To address the challenges of scarce anomalous images in real-world scenarios, low visual fidelity of existing generation methods, heavy reliance on large-scale annotated data, and model bloat, this paper proposes a lightweight, text-driven local anomaly generation framework. The method reformulates zero-shot anomaly generation as a text-guided style transfer task. Key innovations include a class-agnostic automatic mask generation module and a dual-class (normal/anomalous) text prompt alignment mechanism, enabling semantically controllable and spatially precise local anomaly synthesis. A CLIP-perceptual-loss-supervised lightweight U-Net architecture is adopted to significantly reduce memory footprint and computational overhead. Extensive experiments on MVTec-AD and VisA demonstrate that our approach achieves superior performance over state-of-the-art methods in terms of generation quality, diversity, and downstream anomaly detection accuracy.

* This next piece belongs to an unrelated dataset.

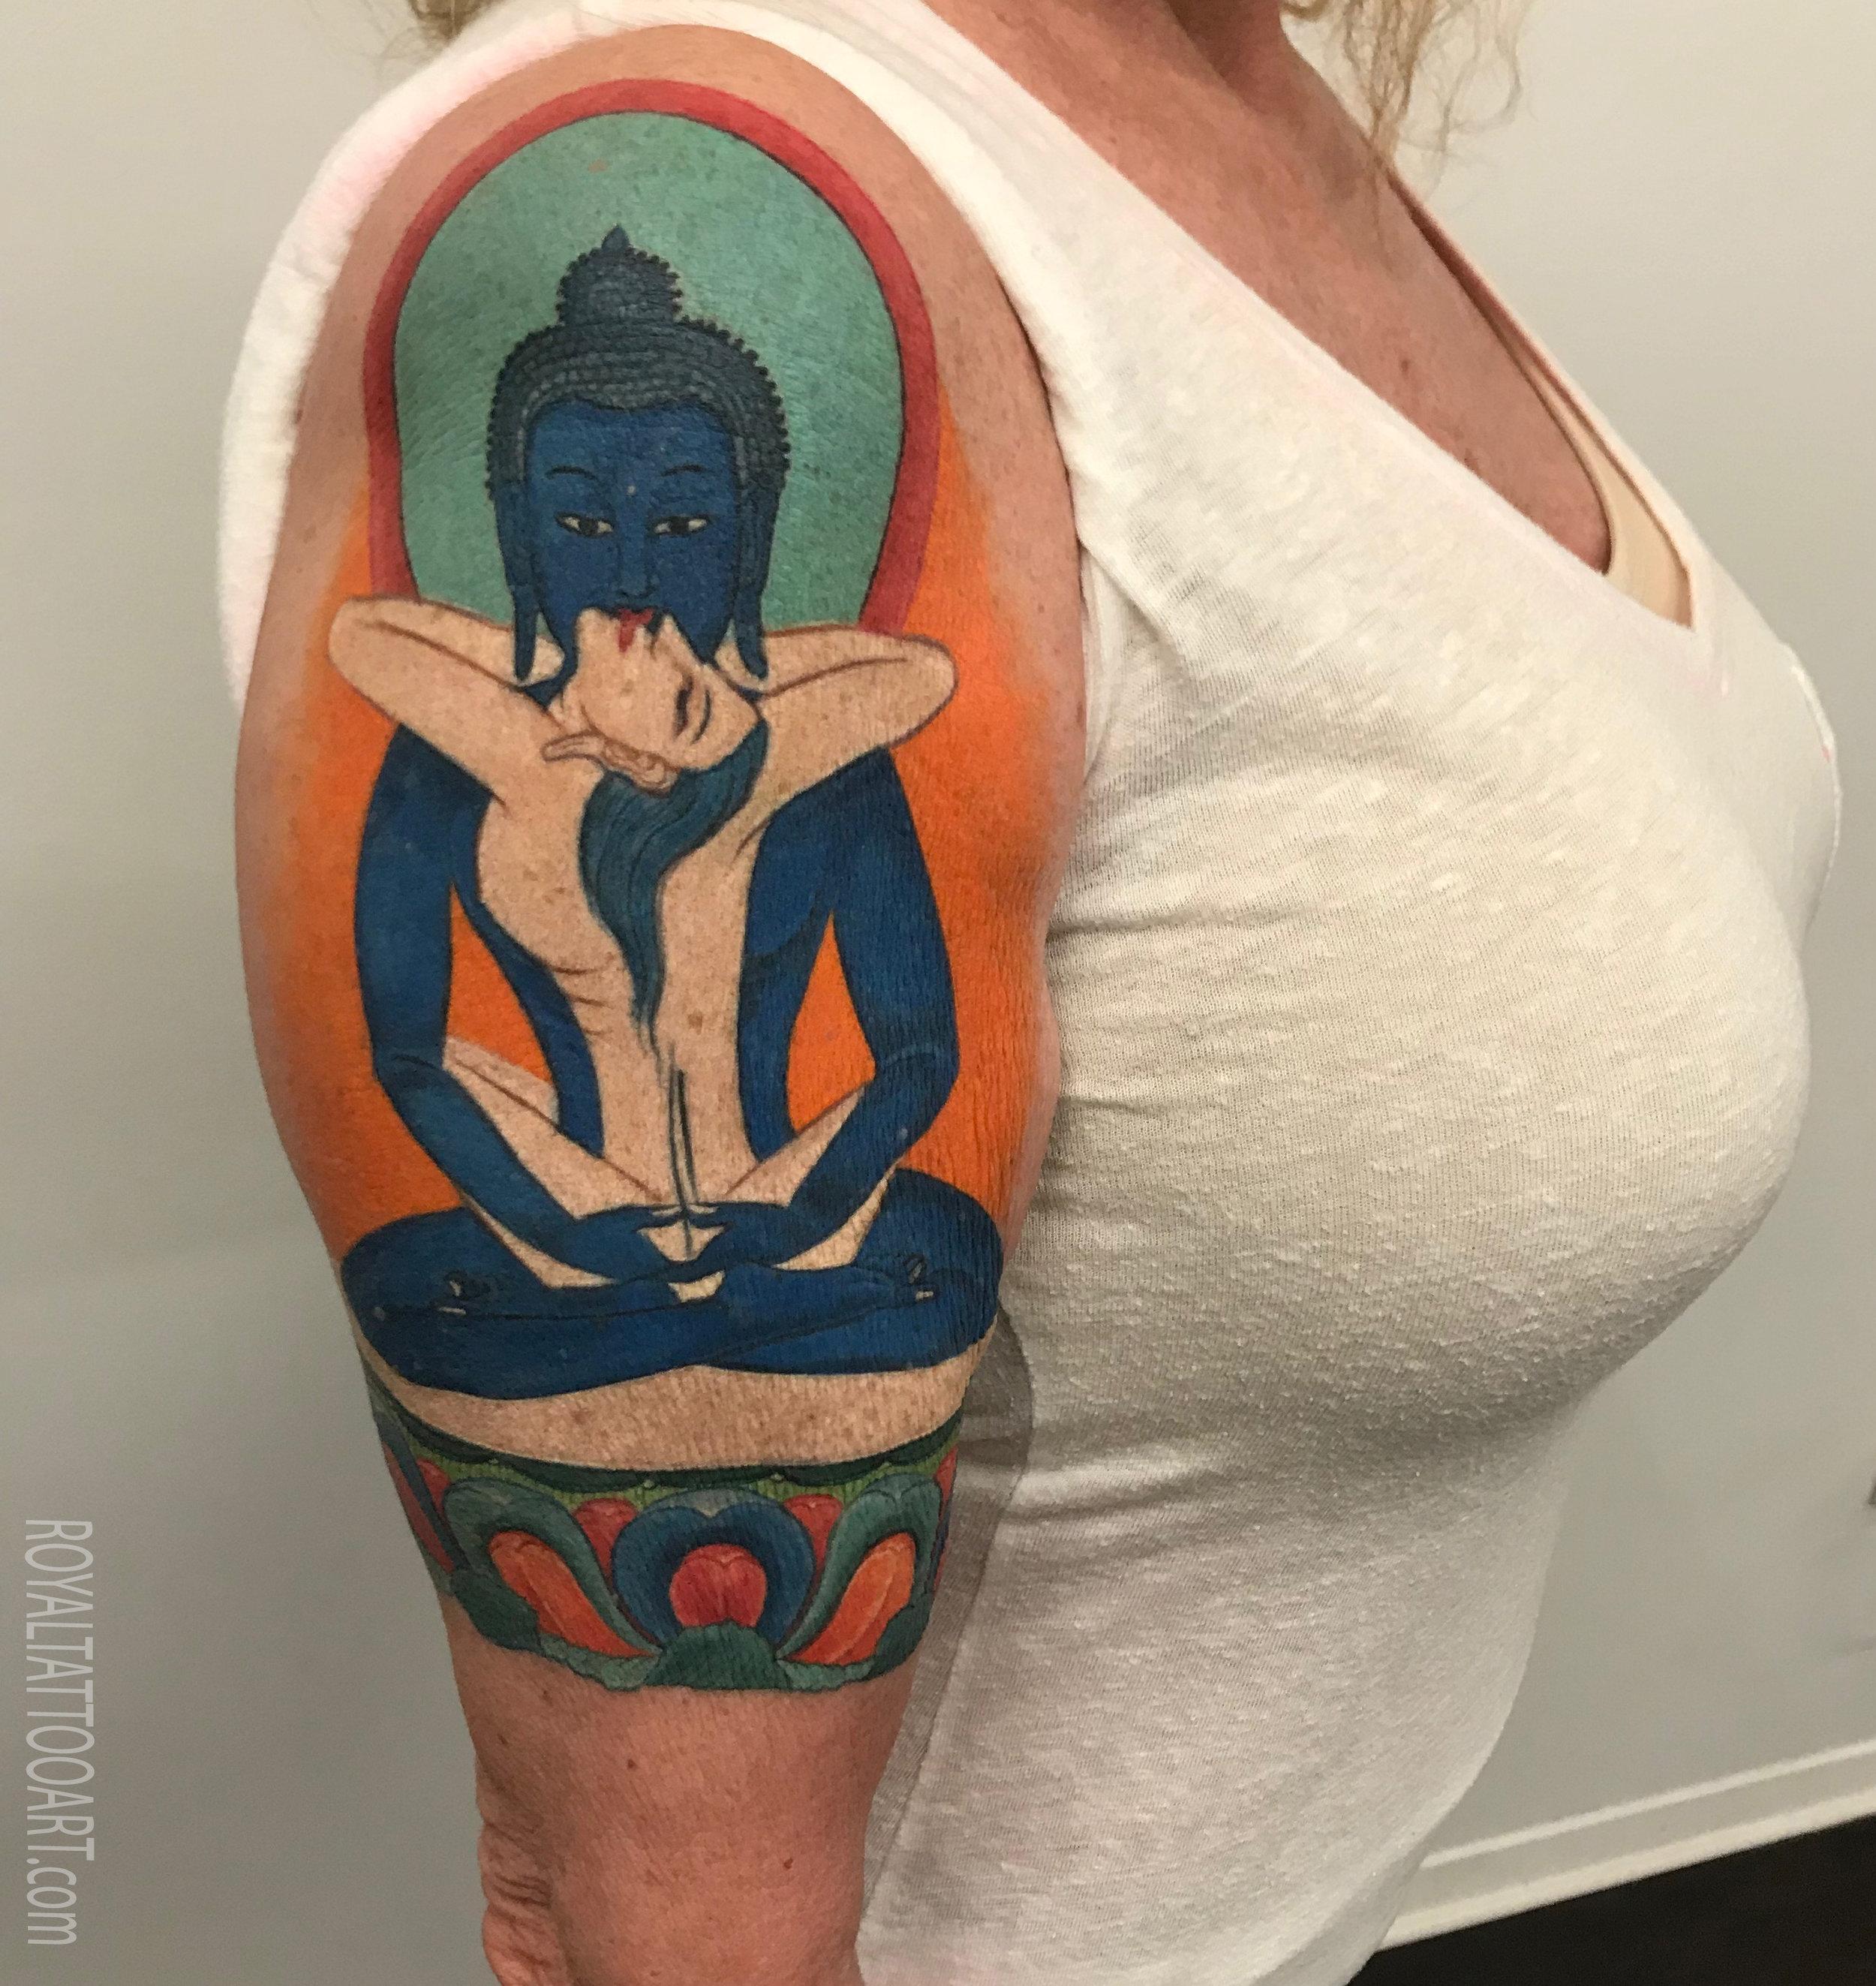 healed tattoo art budism erotic copy.jpg

Anomaly generation has been widely explored to address the scarcity of anomaly images in real-world data. However, existing methods typically suffer from at least one of the following limitations, hindering their practical deployment: (1) lack of visual realism in generated anomalies; (2) dependence on large amounts of real images; and (3) use of memory-intensive, heavyweight model architectures. To overcome these limitations, we propose AnoStyler, a lightweight yet effective method that frames zero-shot anomaly generation as text-guided style transfer. Given a single normal image along with its category label and expected defect type, an anomaly mask indicating the localized anomaly regions and two-class text prompts representing the normal and anomaly states are generated using generalizable category-agnostic procedures. A lightweight U-Net model trained with CLIP-based loss functions is used to stylize the normal image into a visually realistic anomaly image, where anomalies are localized by the anomaly mask and semantically aligned with the text prompts. Extensive experiments on the MVTec-AD and VisA datasets show that AnoStyler outperforms existing anomaly generation methods in generating high-quality and diverse anomaly images. Furthermore, using these generated anomalies helps enhance anomaly detection performance.